You might want to hold off on any big get-togethers with friends. COVID-19 in Canada may be getting under control but Dr. Theresa Tam has warned Canadians to still not see too many people. That's the key to successful contact tracing and keeping case numbers low.
On Twitter, Canada's top doctor warned that controlling COVID-19 really depends on how everybody acts individually.
"Limit your number of close contacts to a small and easily identifiable list to lower your risk of infection," Dr. Tam suggested.
That can help public health officials trace the virus and quickly tell anyone you've come into contact with that they need to quarantine.
When those contacts are traced and quarantined in a short period of time, it's less likely that they will spread the virus to others if they have it.
So, even though provinces are moving through their reopening stages and you can gather in bigger groups or sit on patios now in some places, there's still work to be done.
Canada's top doctor wants everyone to still be careful.

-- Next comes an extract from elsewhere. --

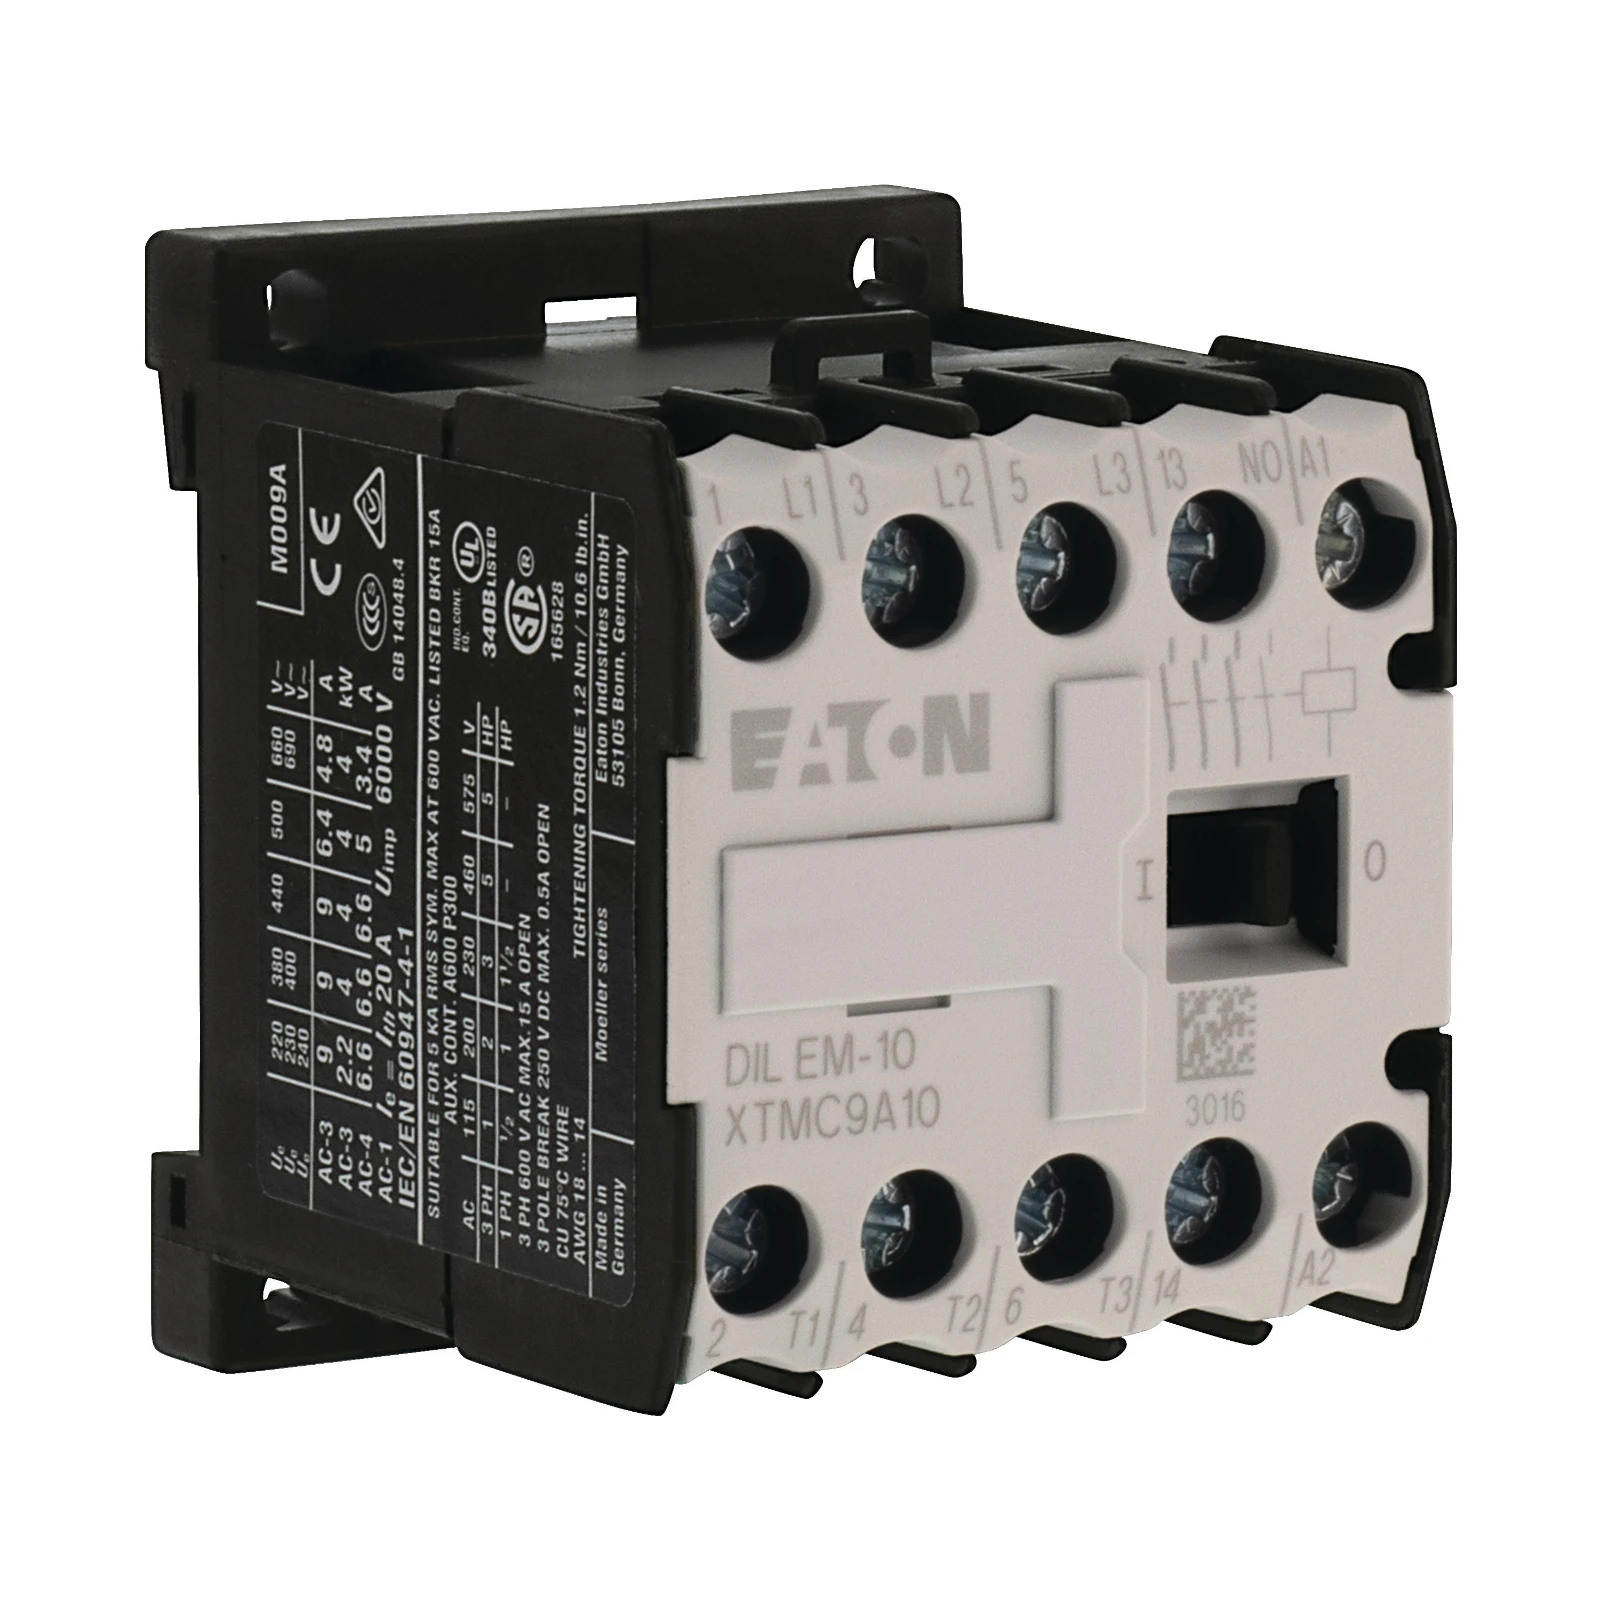 2062098 - Eaton DILEM-10-G(12VDC)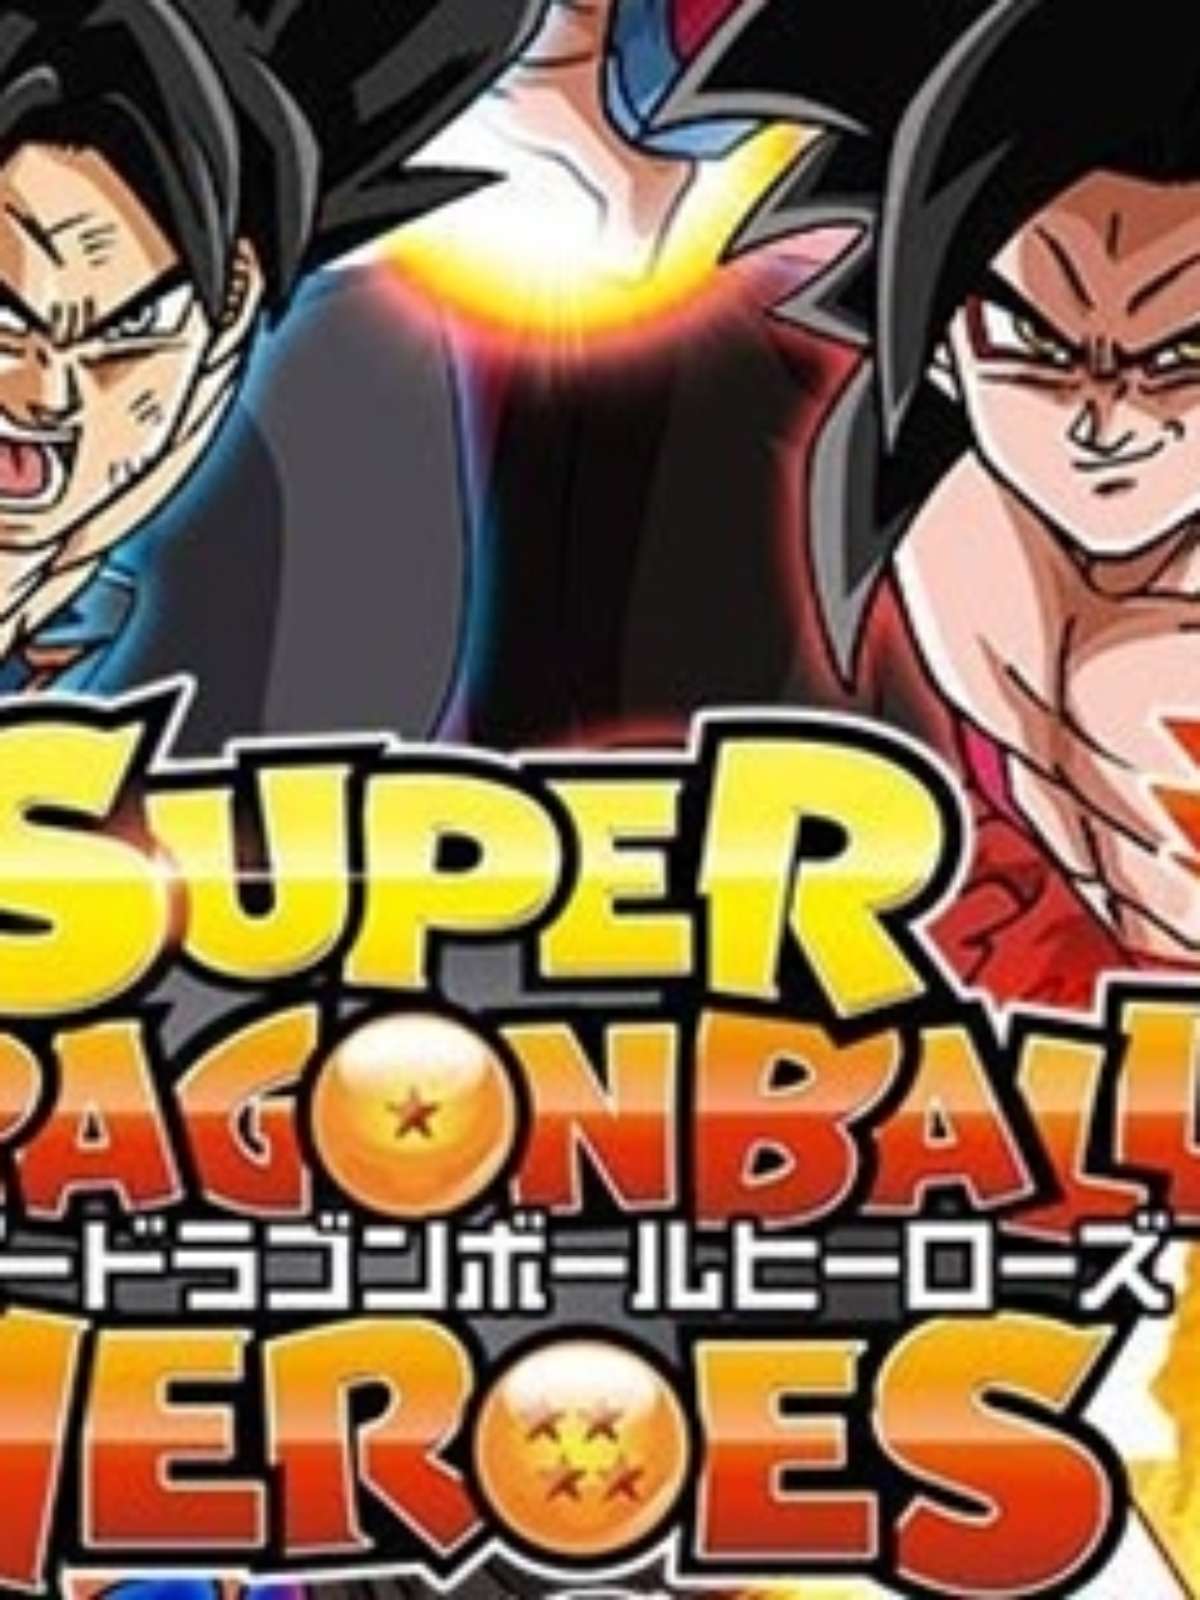 Dragon Ball Super - Série 2015 - AdoroCinema

Dr. Tam also said that along with the actions of individuals, acting fast to test and trace is essential for controlling the spread of the virus.
2/2 Monday’s #GOC modelling update shows we need to act fast to #TestandTrace for #COVID19 control. When contacts a… https://t.co/2ytNd1QHts— Dr. Theresa Tam (@Dr. Theresa Tam)1593725072.0
A week prior to Dr. Tam's warning about limiting contact, she confirmed that Canada had flattened the curve.
"This progress is encouraging," she said then.
However, she noted that we still have to continue following public health measures.
The Public Health Agency of Canada also released new data and modelling that shows new cases are on the decline across the country.
Lower daily case counts also make it easier to contact trace and stop the spread.
Justin Trudeau announced in June that a COVID-19 contact tracing app would be coming soon for Canadians.
It's a voluntary thing so you don't have to download it if you don't want to.
If you have the app and test positive, your status will be uploaded anonymously to a national network. Then people who have the app and have been in close proximity with you will get notified.
It will tell them they've been exposed and encourage them to reach out to their public health authority.
The app was supposed to be tested in Ontario starting on July 2 before launching nationwide but that has been delayed.